# I want to buy this Gary Moore Concert video



## GTmaker (Apr 24, 2006)

Hi Folks

been looking around and NO LUCK getting it so I'm asking here.

There is a concert video of Gary Moore called "Live Blues"
recorded in London 1993 at the "Town and Country 2 " nightclub.
BB King also makes a guest appearance.

If you have this video ( DVD format would be great but I am not hopefull )
I would love to buy it from you.

A full concert in AVI file ( or any other video format file ) will also be accepted...

let me know what you got and how much...
thanks in advance.
G.


----------



## Guest (Apr 10, 2013)

if you're using mozilla/firefox, download it from YT.

[video=youtube;xdwa7DIi_S4]http://www.youtube.com/watch?v=xdwa7DIi_S4[/video]


----------



## GTmaker (Apr 24, 2006)

laristotle said:


> if you're using mozilla/firefox, download it from YT.


First, thanks for that link...I had no idea that the whole concert was on youtube.

What I am hoping for is a bit better quality video then what I have seen on youtube.
Good concert videos are not easy to find and this one has a great recording mix that sounds fantastic.

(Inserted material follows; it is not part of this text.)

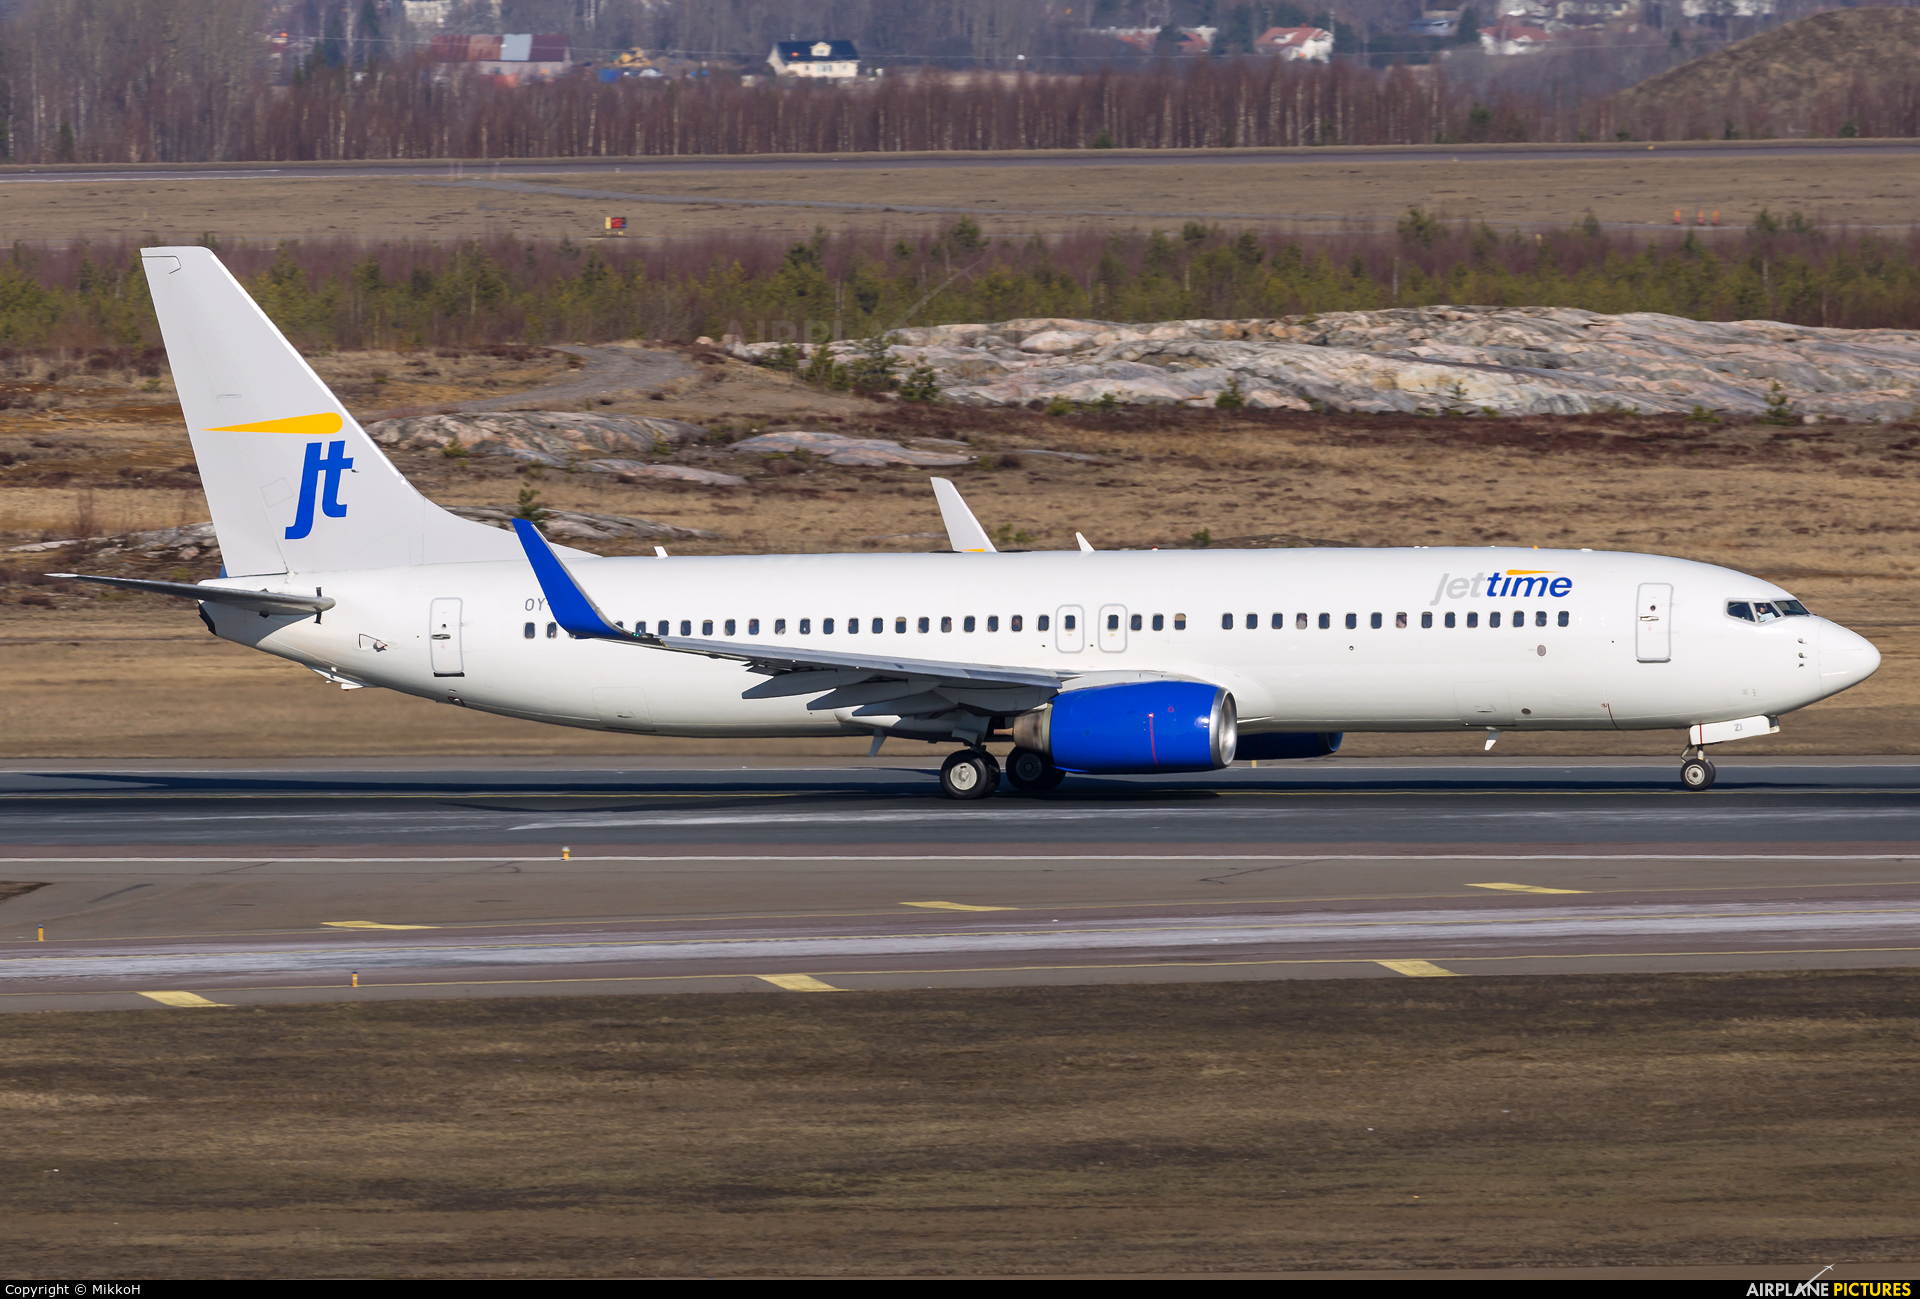 OY-JZI Jet Time Boeing 737-800 Helsinki - Vantaa | ID 1184291 Airplane-Pictures.net

Still hoping that someone has a decent recording.

keep on rockin

G.


----------



## Woof (Jan 13, 2010)

Found this link not sure if that's what you are looking for?


----------



## GTmaker (Apr 24, 2006)

Woof said:


> Found this link not sure if that's what you are looking for?


thanks so much for that link
I also found this one ( waiting to see if they will ship to Canada and how much to do so)
http://www.maximumsound.org//Gary-Moore-Ballads-Blues-Live-Blues-wBB-King-DVD_p_1188.html

let see what happens
G.


----------



## GTmaker (Apr 24, 2006)

GTmaker said:


> thanks so much for that link
> I also found this one ( waiting to see if they will ship to Canada and how much to do so)
> http://www.maximumsound.org//Gary-Moore-Ballads-Blues-Live-Blues-wBB-King-DVD_p_1188.html
> 
> ...


Just a quick update on my DVD order..
placed the order 3 weeks ago, order was shipped 2 weeks ago, and the dammed thing finaly shows up today.
Better late then never I guess....
The DVDs are pretty good...actualy 2 are realy good and 2 are pretty bad productions. I guess its just a luck of the draw on production value.
I will remind you that I paid 12 bucks each and NO shipping charges.

I was getting worried that I would never see the shipment But now that I have them , it seems like a good deal.

thats it for now

G.


----------